Nope, by C RT libraries. And the for these libraries, they do it
following instructions from perl.
Following your advice, and checking perlnumber, what I found was what
I said up above:
"RESTRICTION: The conversions marked with "(*)" above
involve steps performed by the C compiler. In particular,
bugs/features of the compiler used may lead to breakage of
some of the above rules."
I wonder whether it is the original text (written by me); might be so.
It does not make any sense; the intent is clear, but the wording is
very bad... I tried to "keep things simple", but this error is not in
that category...
Since "native floating_point --> decimal string (*)" and
"decimal string --> native floating point (*)" are so marked, I
interpret that to mean that perl is at the whim of whatever C compiler
was used.
Yes - in the sense, that usually C compiler determines which CRTL is used.

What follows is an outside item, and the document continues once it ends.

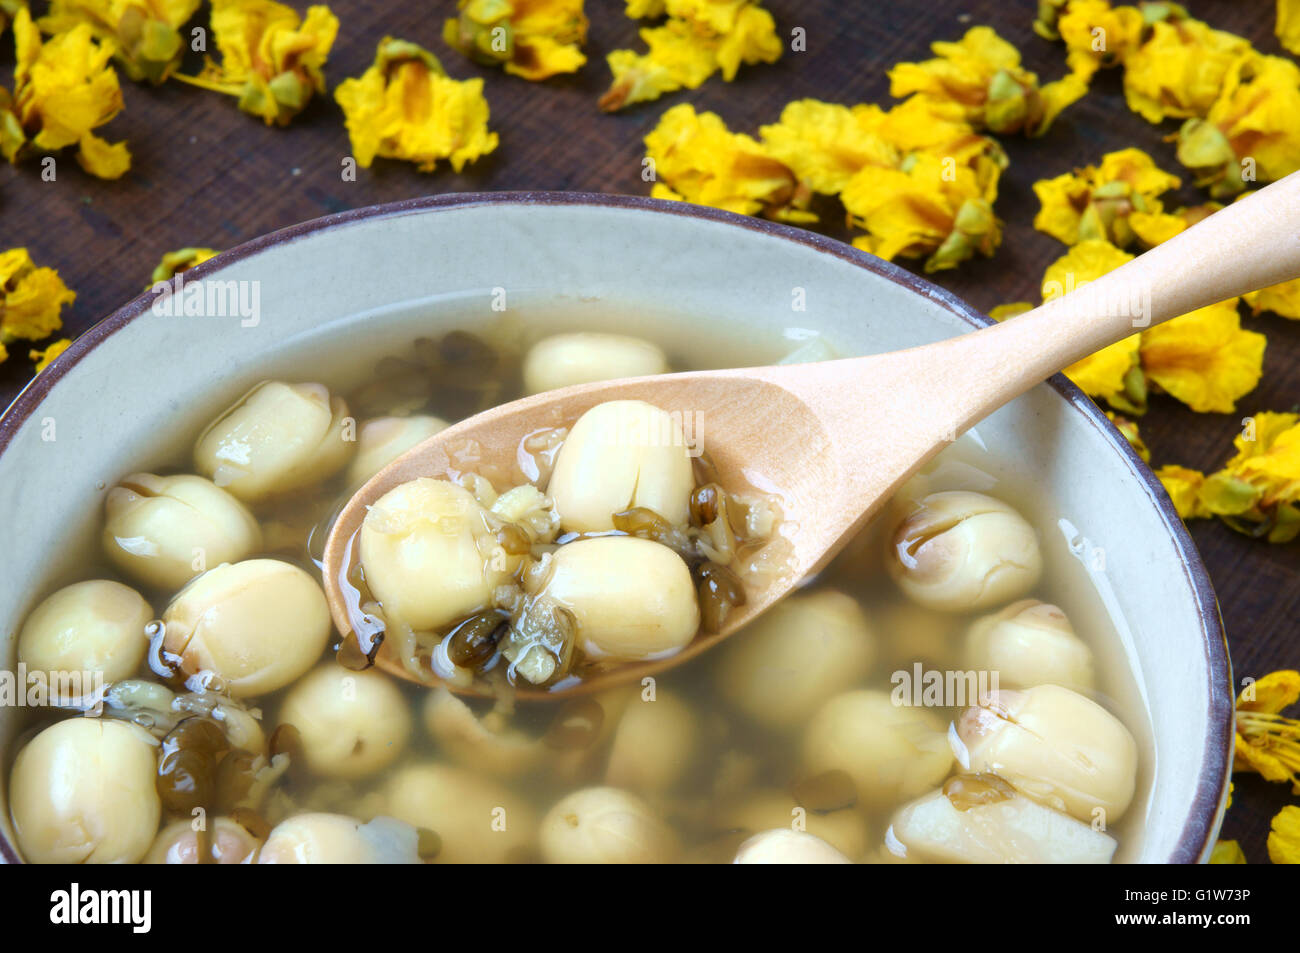 Vietnam, les patates bouillies de graines de lotus, lotus Ingrédients : Haricots, les haricots mungo, la châtaigne d'eau et le sucre candy. Vietnam dessert Banque D'Images

What you are missing however, that even if Perl uses CRTL functions,
they take a lot of "options". And it is the options which Perl uses
which lead to precision loss.
AND, as I said, Perl could have used some specialized functions tuned
up to its problem domain (multi-representation).
whence Perl is at the mercy of the system on which it was compiled.
And this the CHOICE made by perl. It could have done the conversion
itself.
True, but that's a bit like saying that it's output could be based on
the TeX typesetting engine, that it's input stream should be entirely
XMLized and should natively handle images and gestured input, and that
it should natively translated any symbol set into the appropriate
characters necessary to create code.
Sorry, I have no idea what was it you wanted to express here.
Lacking a programming language where float->string conversion is
invertible,
??? See above.
converting to strings in any language creates a loss of
precision, which is no difficulty to imagine given a base ten
representation in a string in comparison to a base two representation
for a float.
Indeed, I was also thinking of something simple like 1/3, but have
you an example of a language where "1/3"=1/3? Or are there so many
that I'm just being dim?
Yes. E.g., see
perl -MMath::Pari=:int
So perl has the ability after all, and doesn't use non-invertible
transforms, so there are no unfathomable reasons.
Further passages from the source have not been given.